** Opening RAW DATA block **

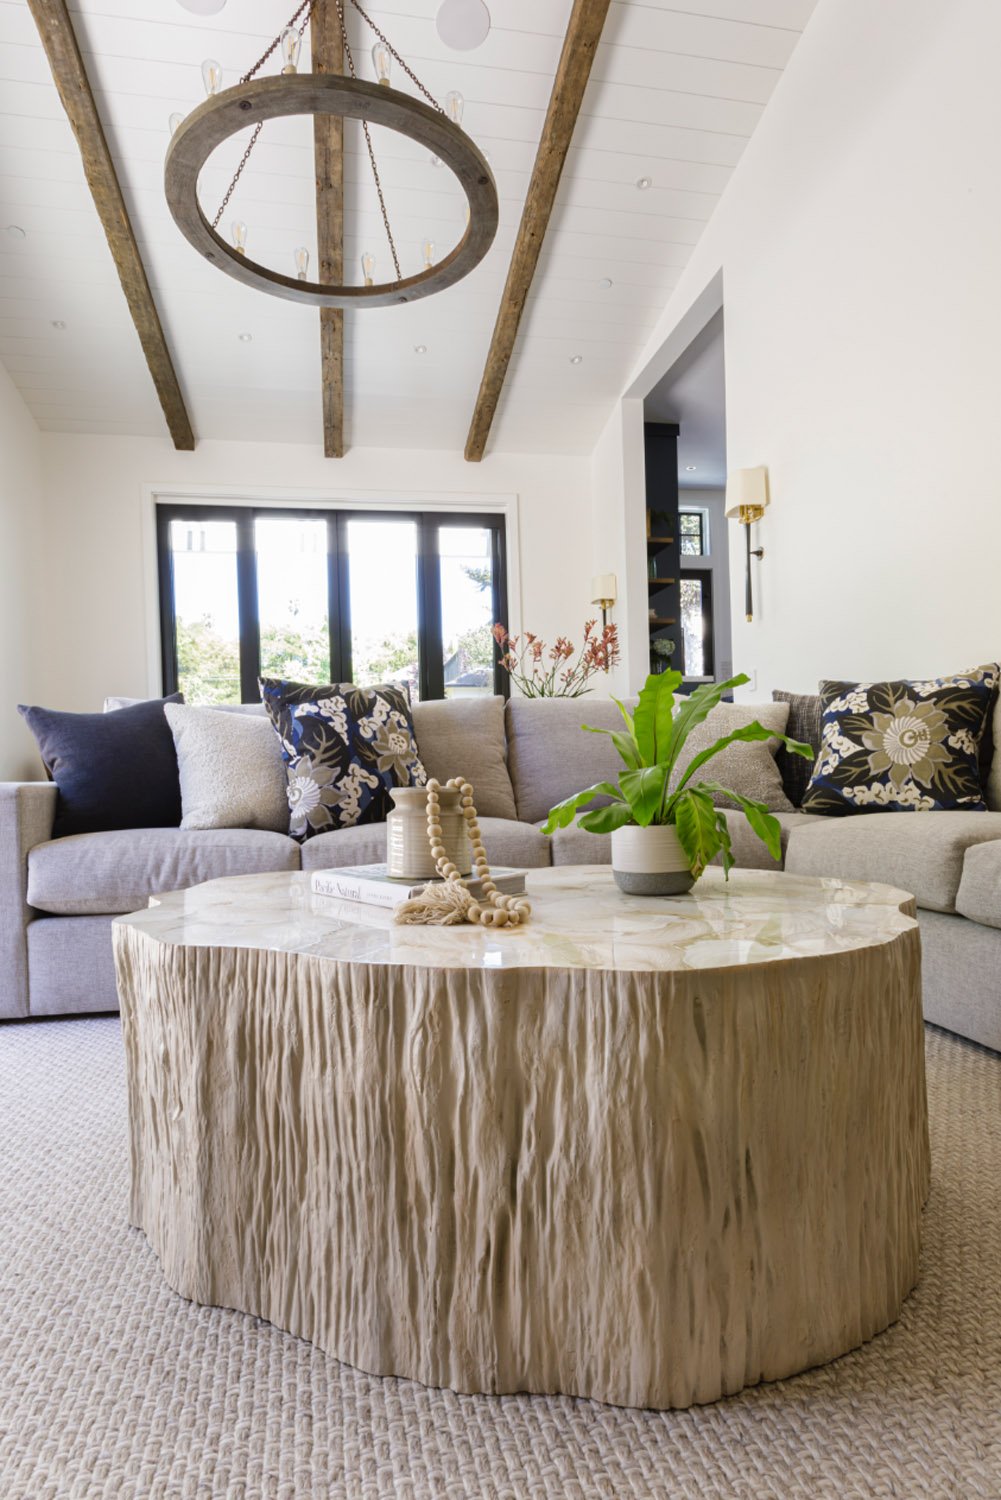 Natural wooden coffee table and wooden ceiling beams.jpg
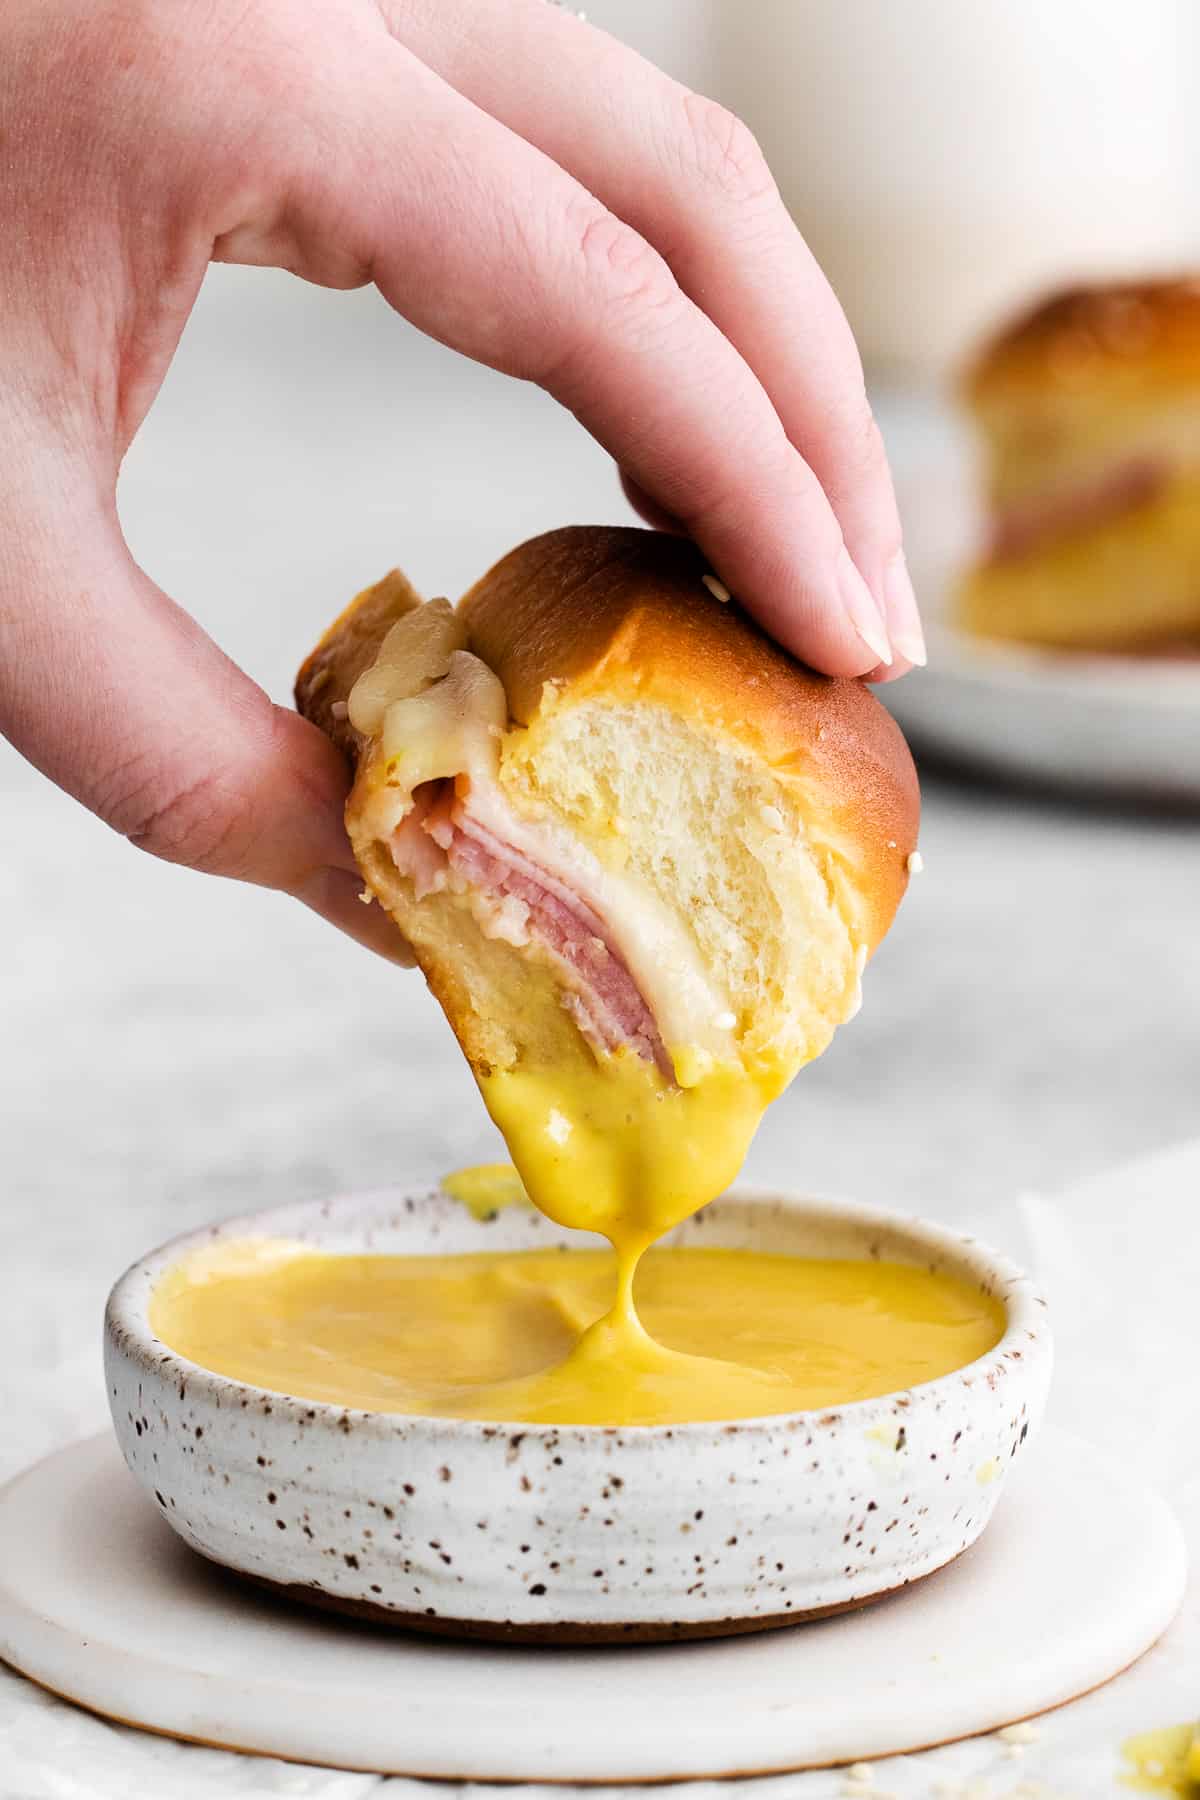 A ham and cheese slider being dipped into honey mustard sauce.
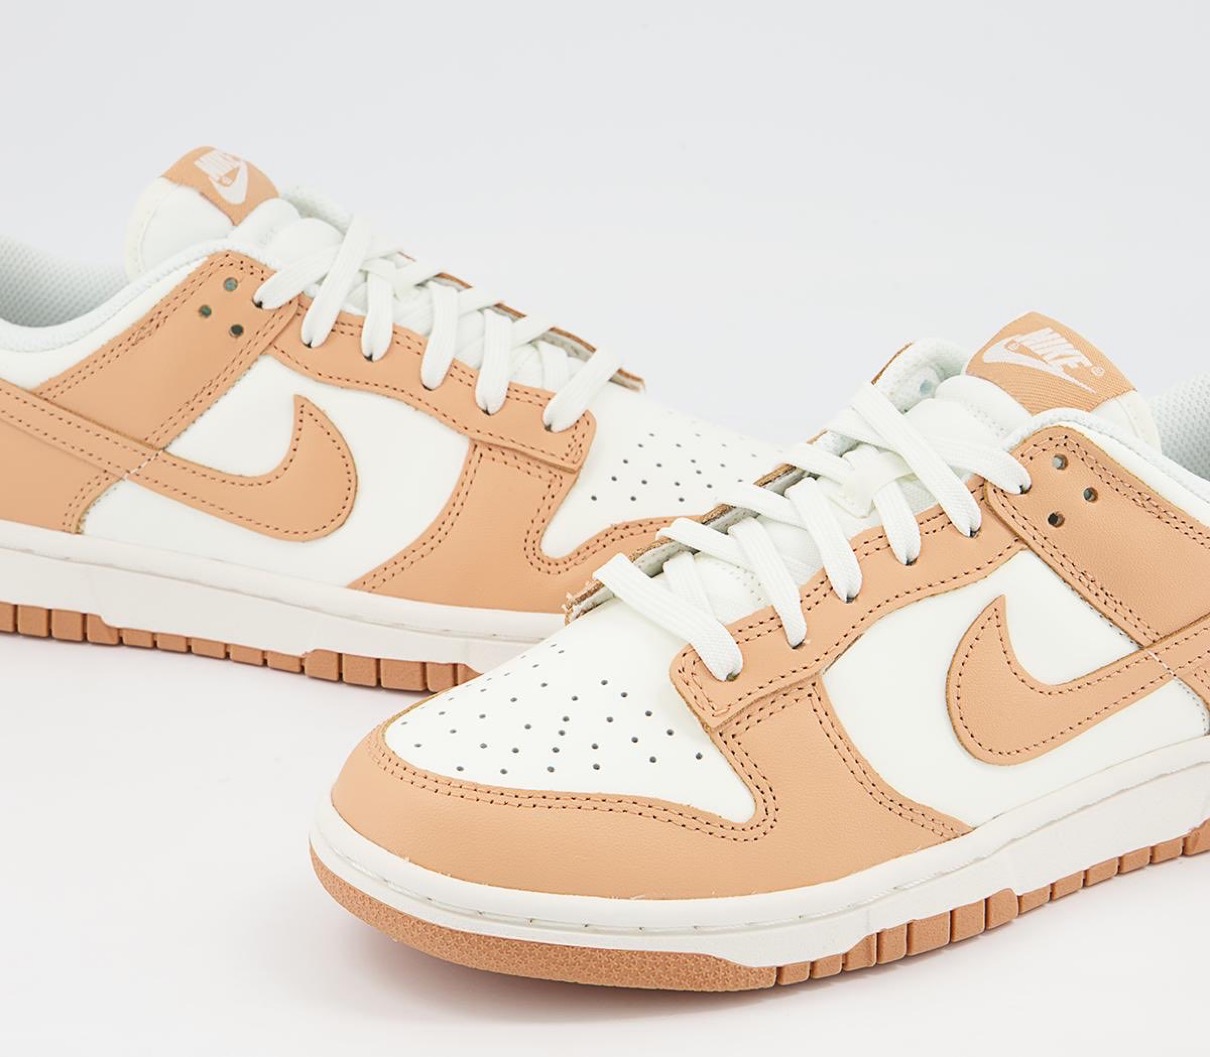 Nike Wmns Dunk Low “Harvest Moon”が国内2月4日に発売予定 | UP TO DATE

** Closing RAW DATA block **

#### [DIRECTIONS]
Print the listing word for word but skip its pictures.

#### [SOLUTION TO THIS EXERCISE]
 Natural wooden coffee table and wooden ceiling beams.jpg
 A ham and cheese slider being dipped into honey mustard sauce.
 Nike Wmns Dunk Low “Harvest Moon”が国内2月4日に発売予定 | UP TO DATE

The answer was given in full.